Naturally, I assumed the grounding had been unintentional. Had she lost power in the ebbing tide and been stranded? Was her skipper foolishly trawling near Billingsgate as the tide fell and ran her aground? Either one did not seem plausible; the weather had not been bad and all the local skippers knew about Billingsgate and the tricky Wellfleet channel in general. Didn't he have a chart?

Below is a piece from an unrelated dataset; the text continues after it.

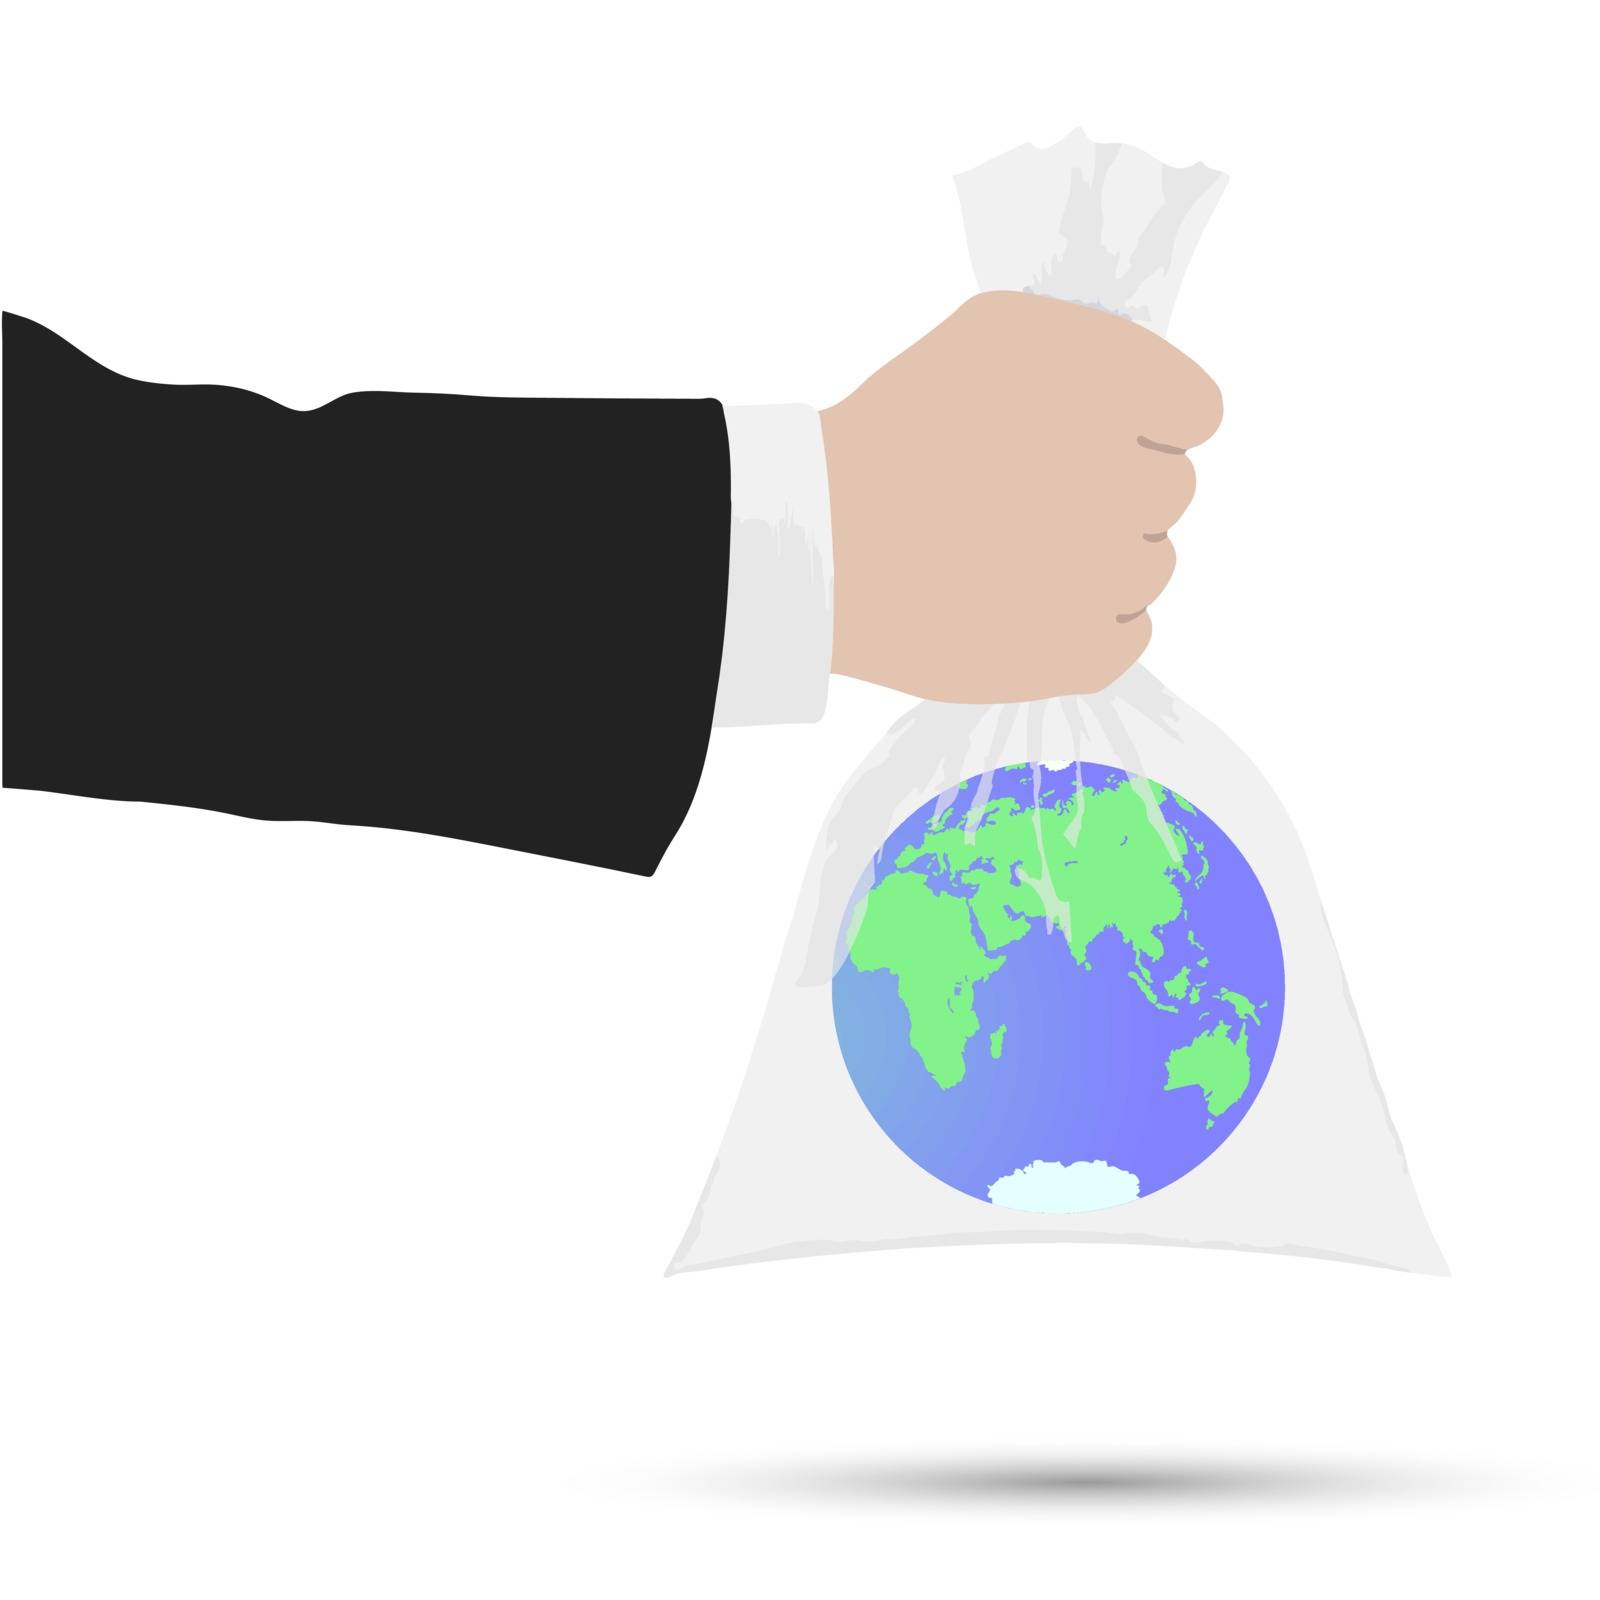 Hand holding a plastic bag. The globe is inside the plastic bag. Environmental protection. Do not use plastic, protect the planet.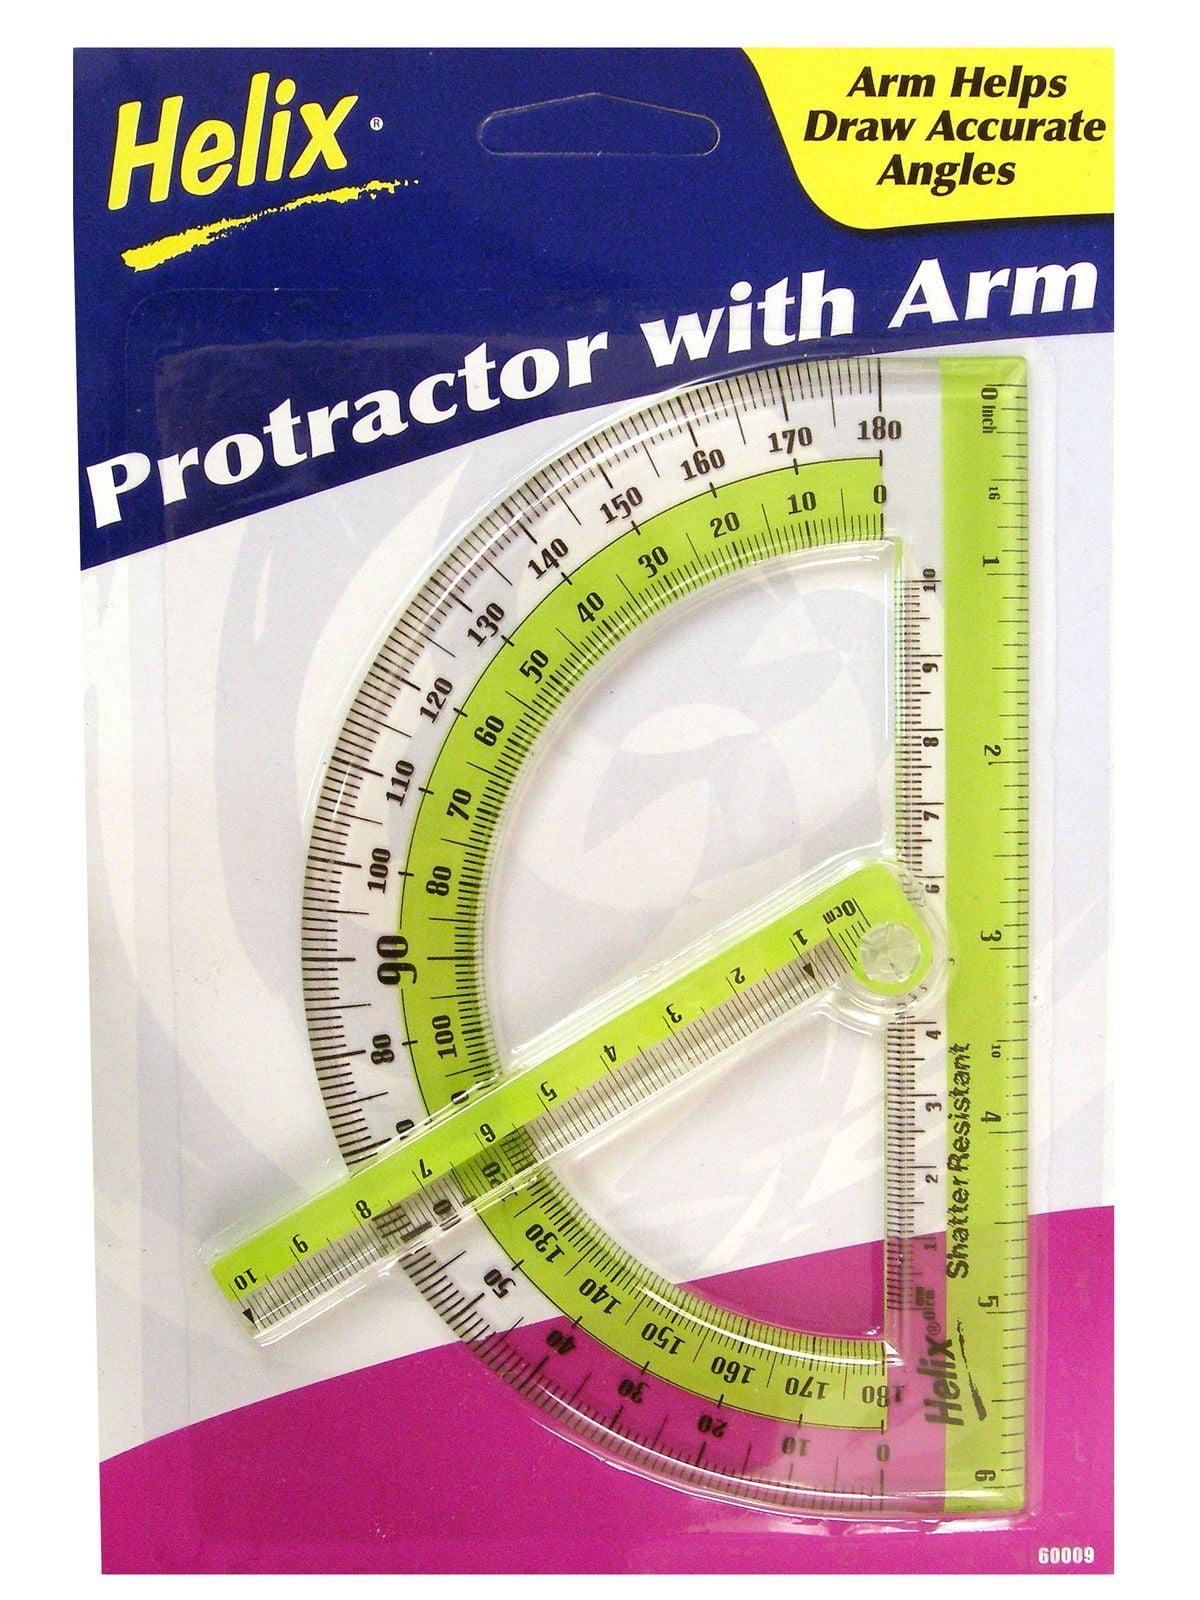 Protractor with Swing Arm protractor (pack of 12)

Two men were walking around the boat. They looked calm. Of course they were in no danger. They could even have walked to Wellfleet via Jeremy Point and Great Island less than an hour if they wished. A third man appeared on deck. He was lugging at something heavy. Soon afterward he threw something over the side: a sledgehammer. One of the men on the sand picked it up and swung it low underhanded at the boat's hull. I could hear the rhythmic deep booming from across the sand flats. It sounded like a muted timpani when the wind was right. Clearly they were making some kind of repair to the hull, however crude.

Perhaps they had grounded the boat deliberately by anchoring her over the shoal in high water, then letting the ebbing tide strand her. This would be less expensive than having the vessel hauled out on a donkey. It would be the sensible, thrifty thing to do (in true Yankee fashion), if the repair was it minor.

I was losing interest in the whole project when I noticed one of the men return to the deck and enter the wheelhouse, only to re-emerge immediately with binoculars. He stationed himself behind the bows and swept the glasses to and fro. Since the early morning sun was directly behind me, I could see its reflection off the lenses as they swept by me. Now why were they doing that? Perhaps they were in difficulty after all and needed help. I stood up on the picnic table and waved my arms slowly, as a sign I'd seen them. But in all likelihood I was invisible-hidden in the rising sun as a fighter pilot is hidden when he dives out of the sun at the enemy plane below.